**Available records:**
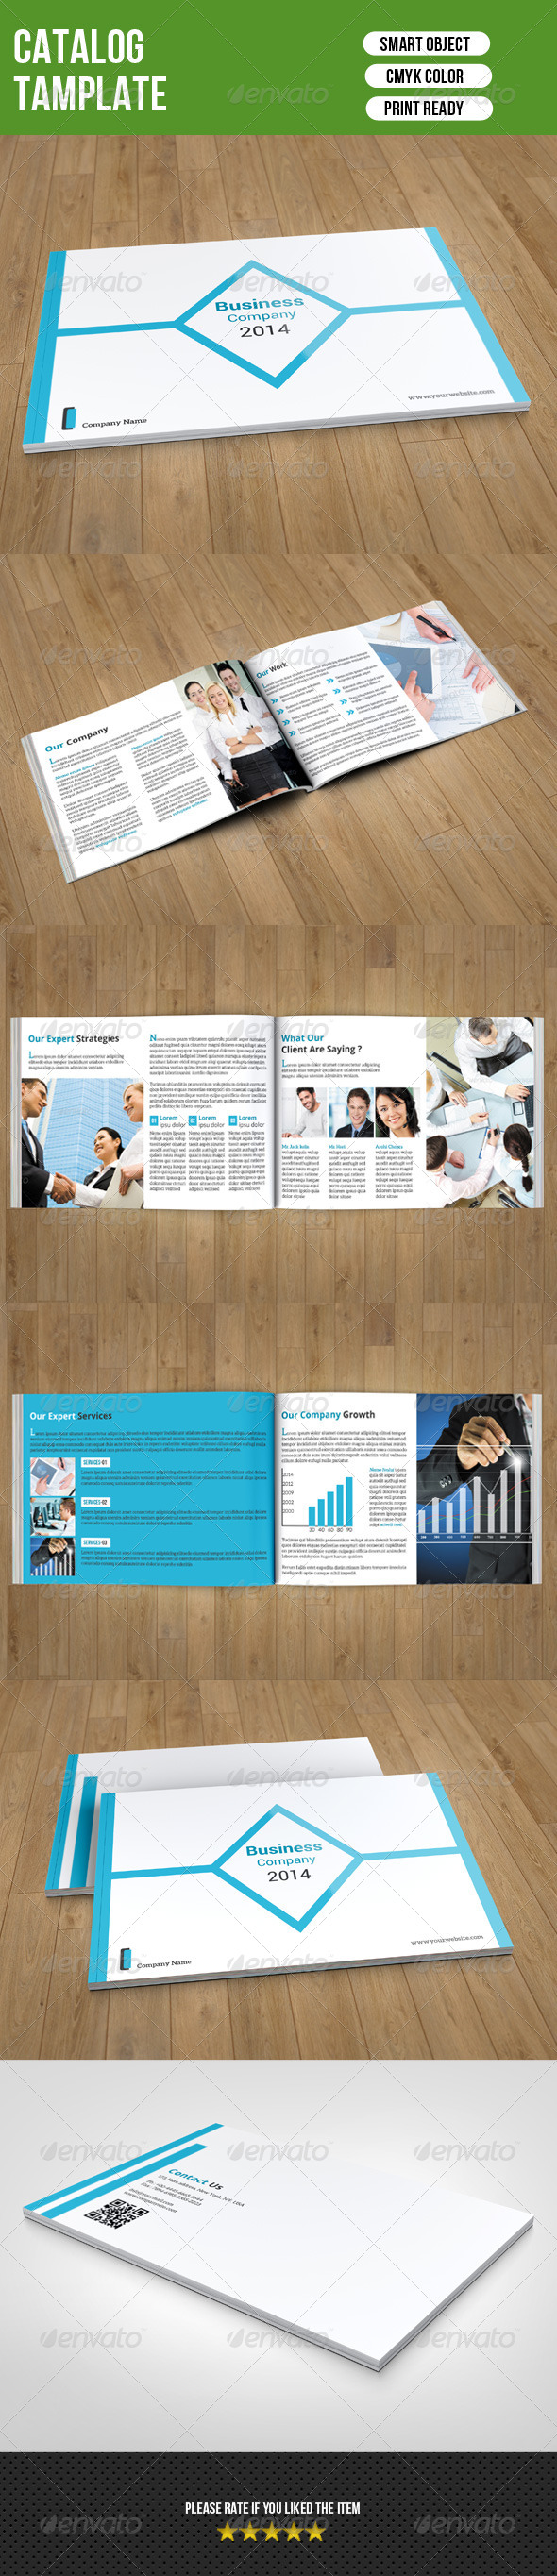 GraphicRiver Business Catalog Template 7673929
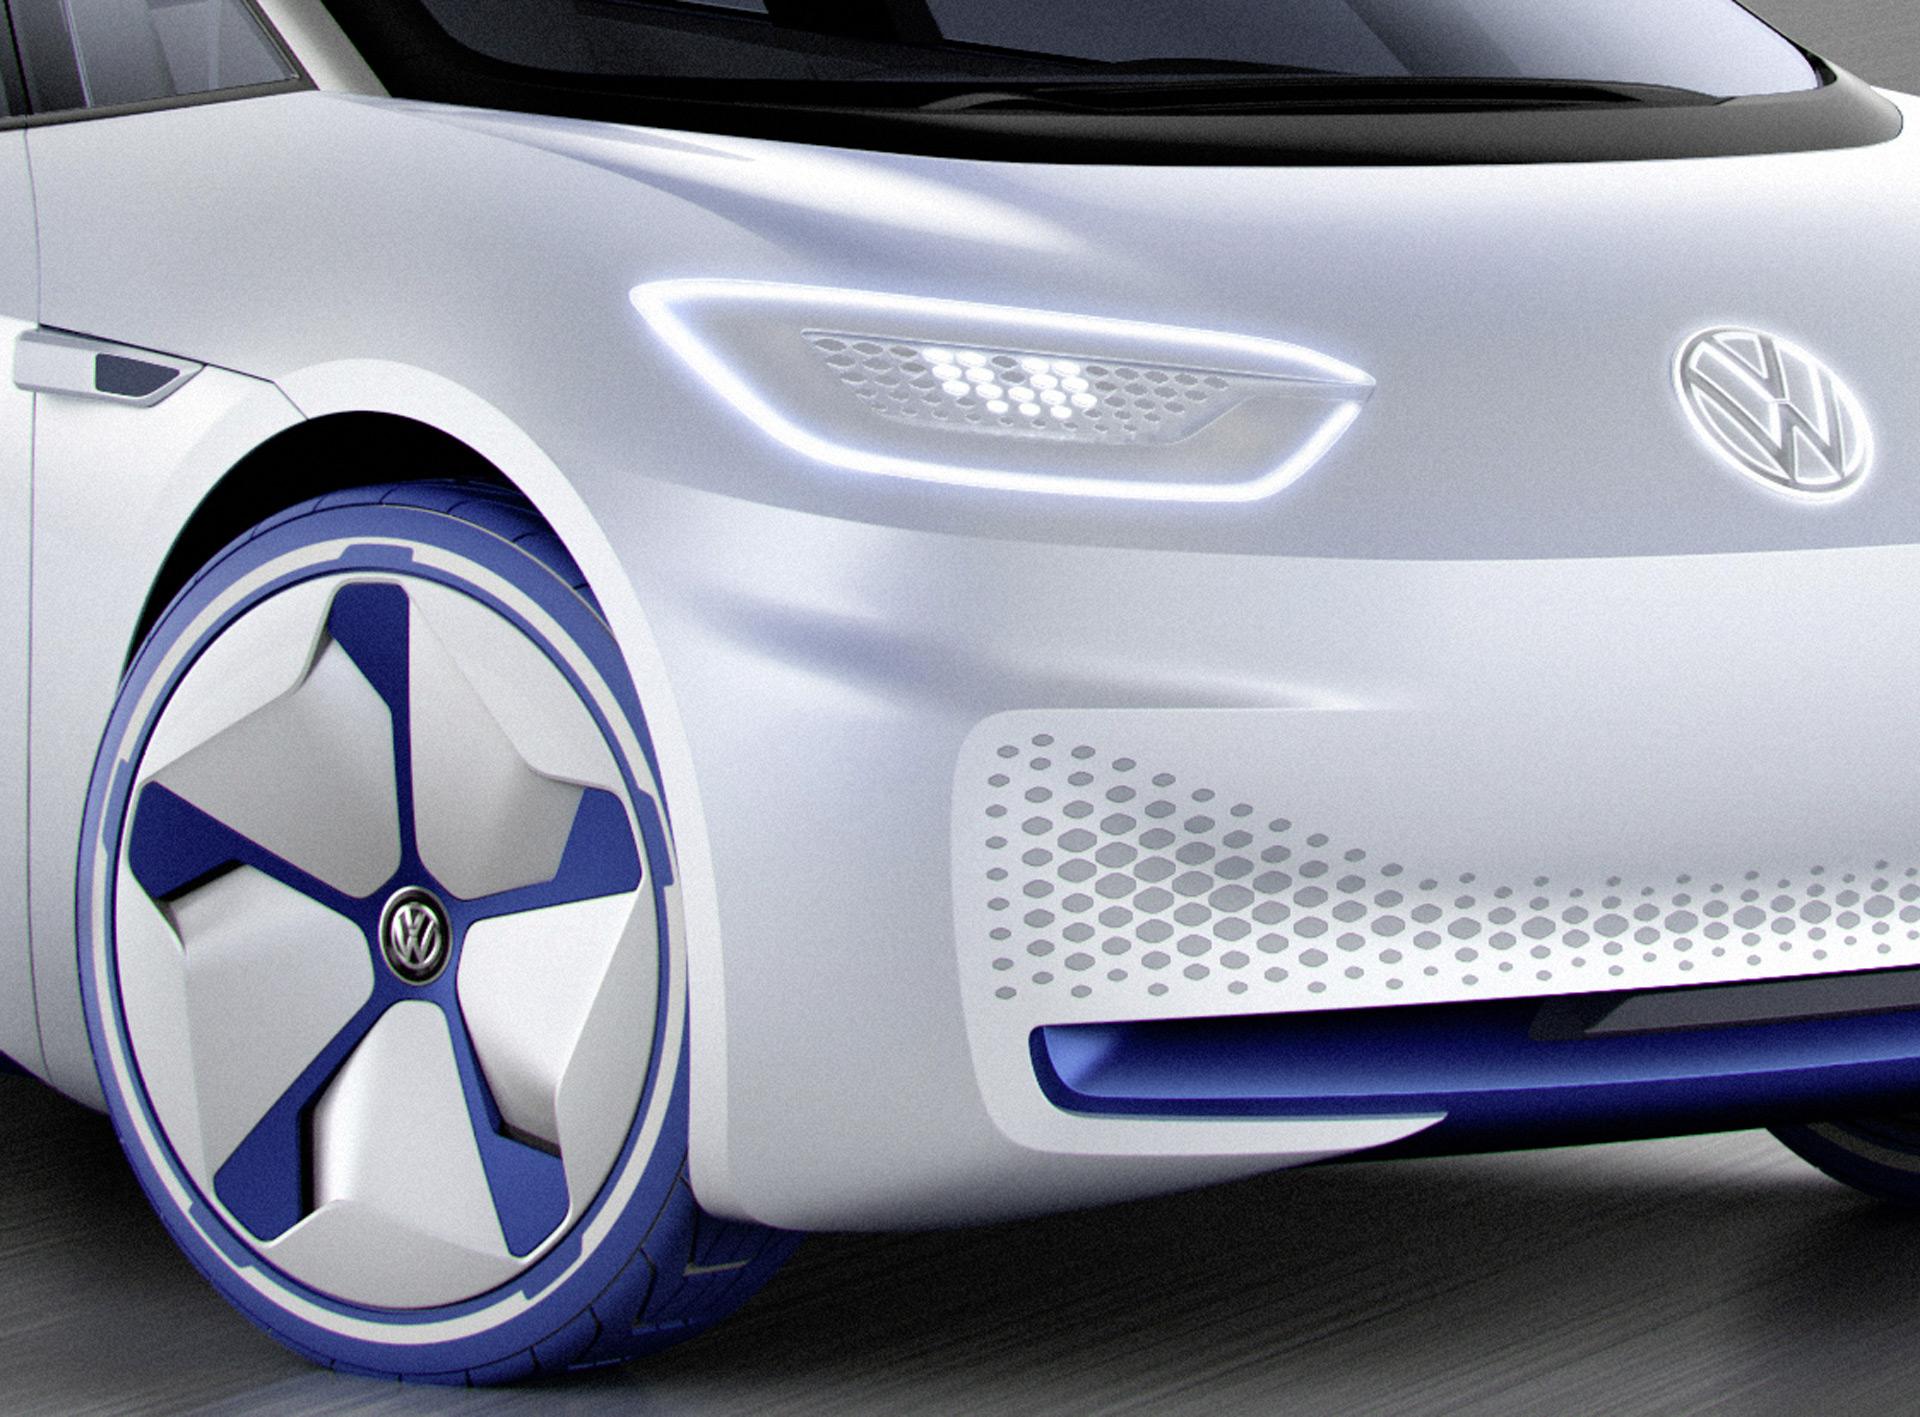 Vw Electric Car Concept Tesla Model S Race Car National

* * *

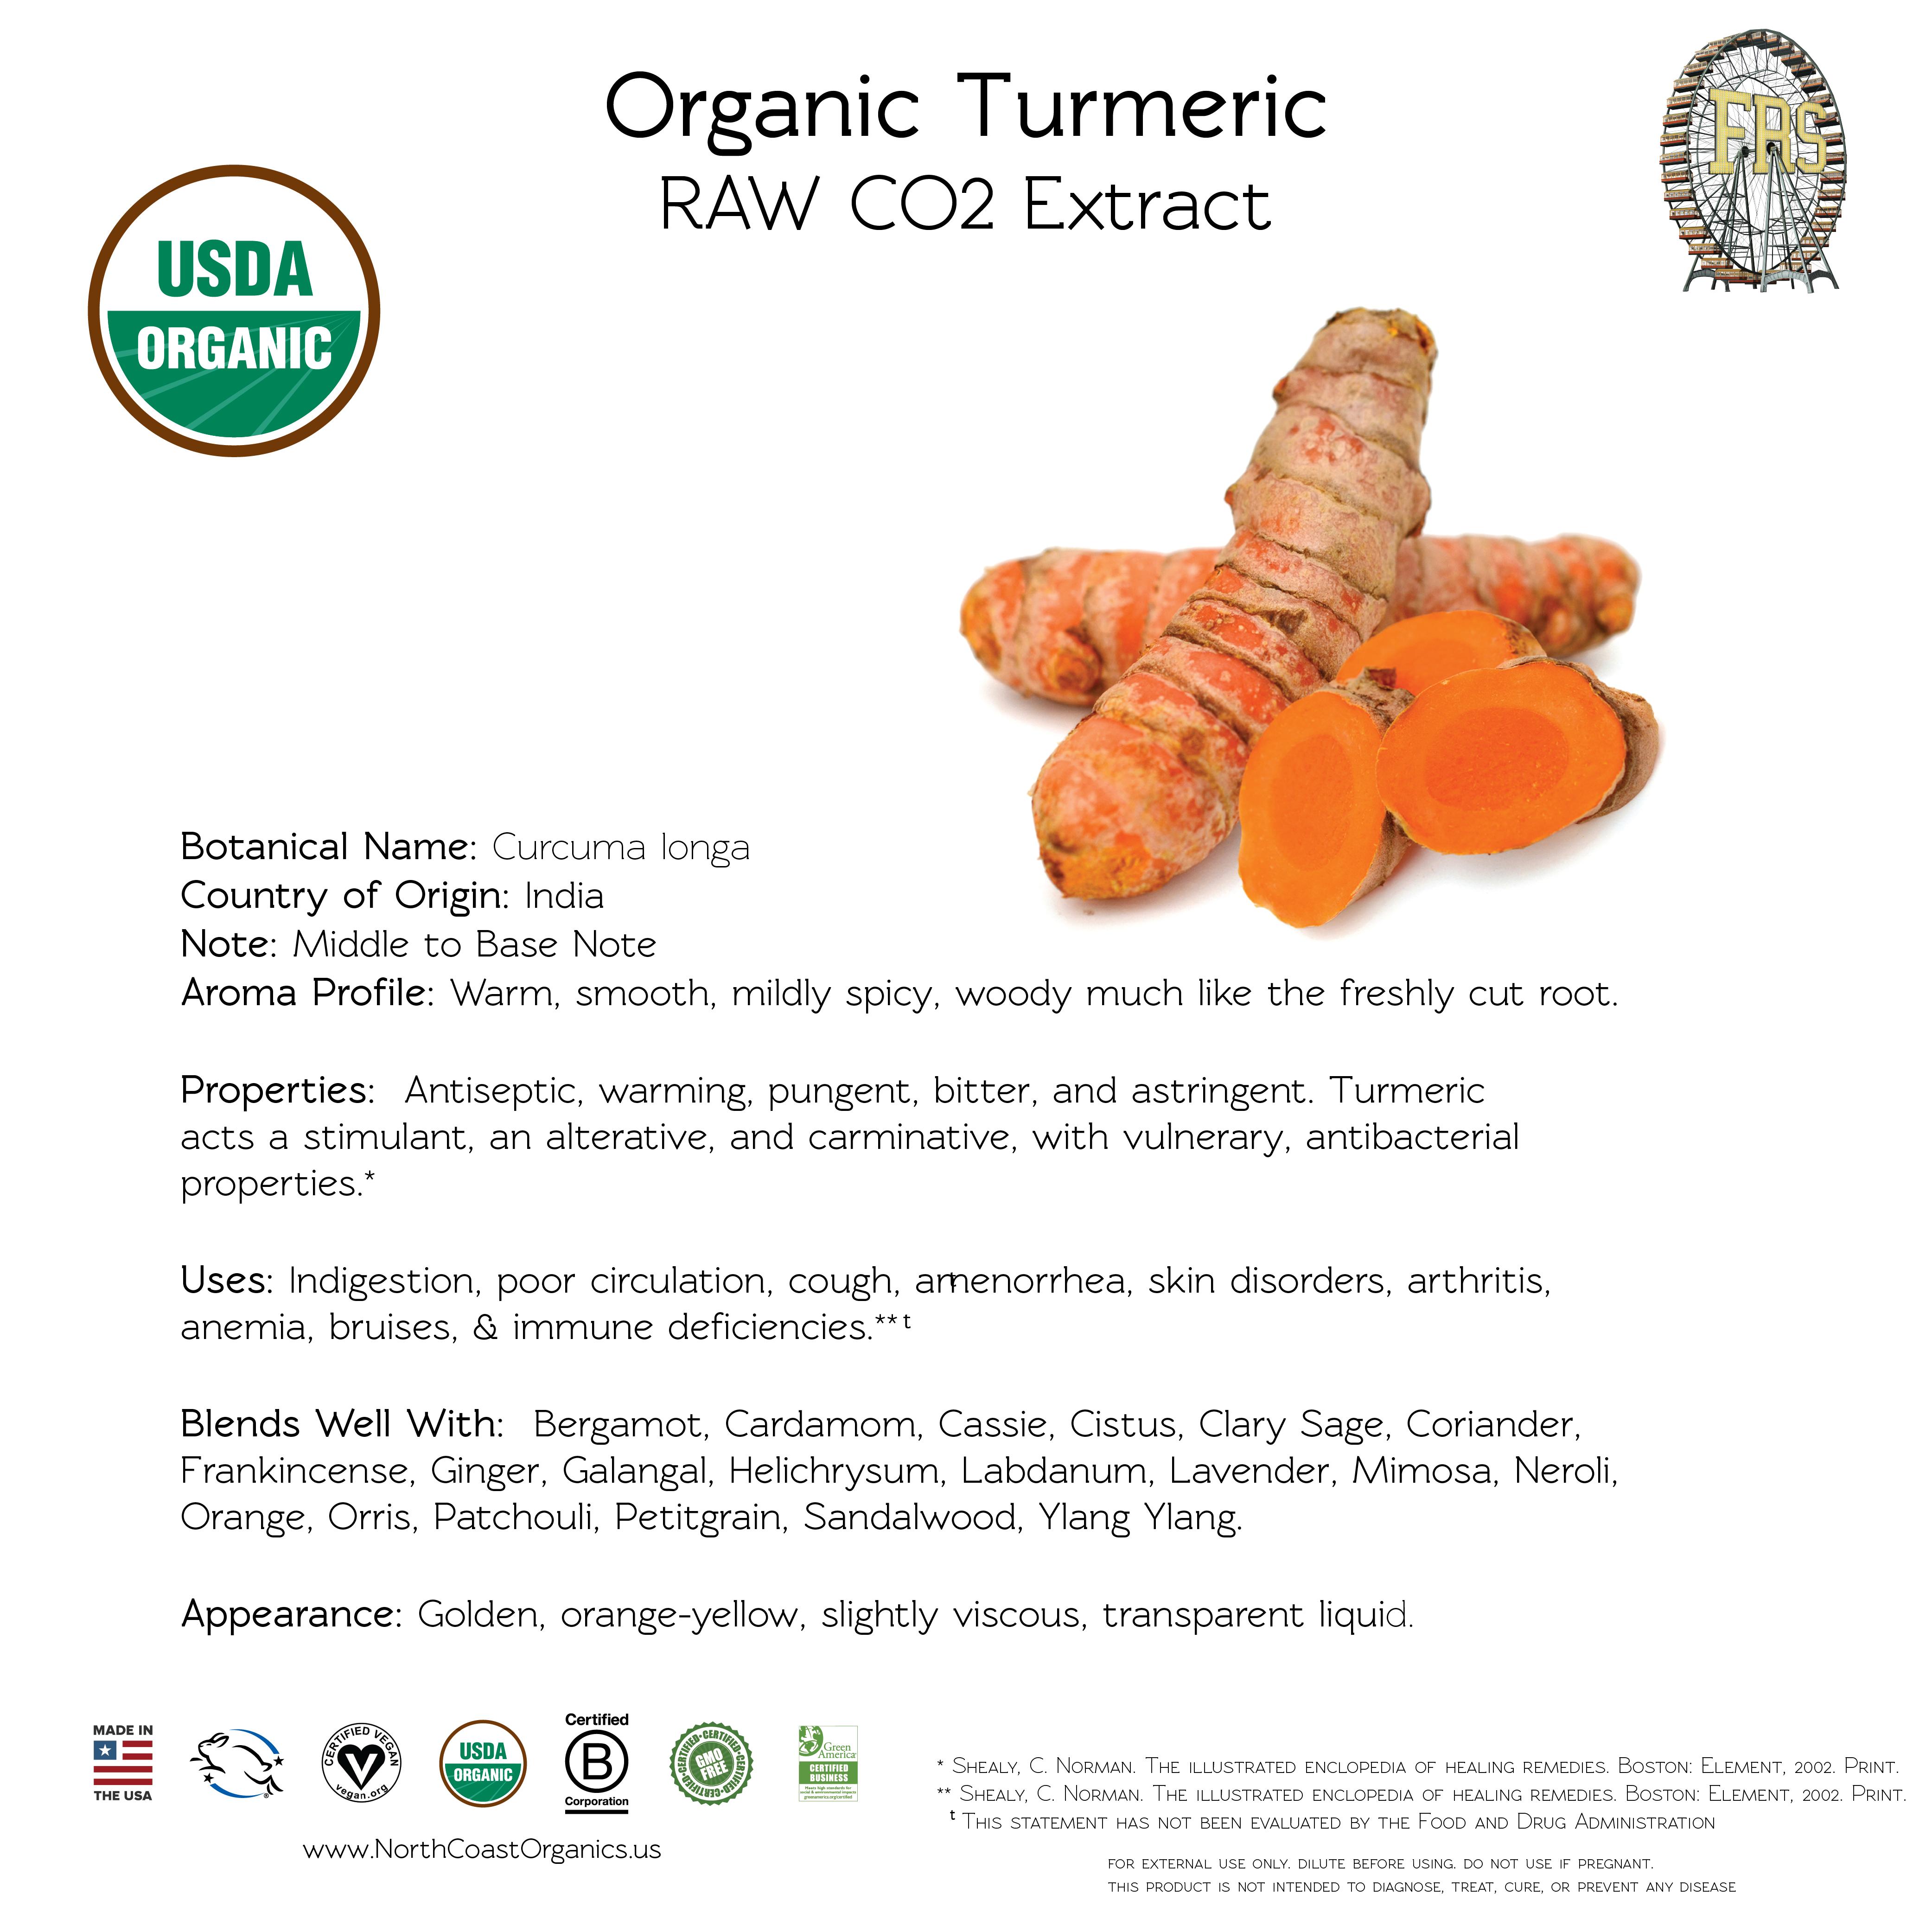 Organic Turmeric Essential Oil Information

**Exercise prompt:** Give back exactly, and solely, the section of the data above bounded by the line containing "GraphicRiver Business Catalog" and the line containing "Vw Electric Car", both bounding lines included and pictures omitted.

**Finished exercise:**
 GraphicRiver Business Catalog Template 7673929
 Vw Electric Car Concept Tesla Model S Race Car National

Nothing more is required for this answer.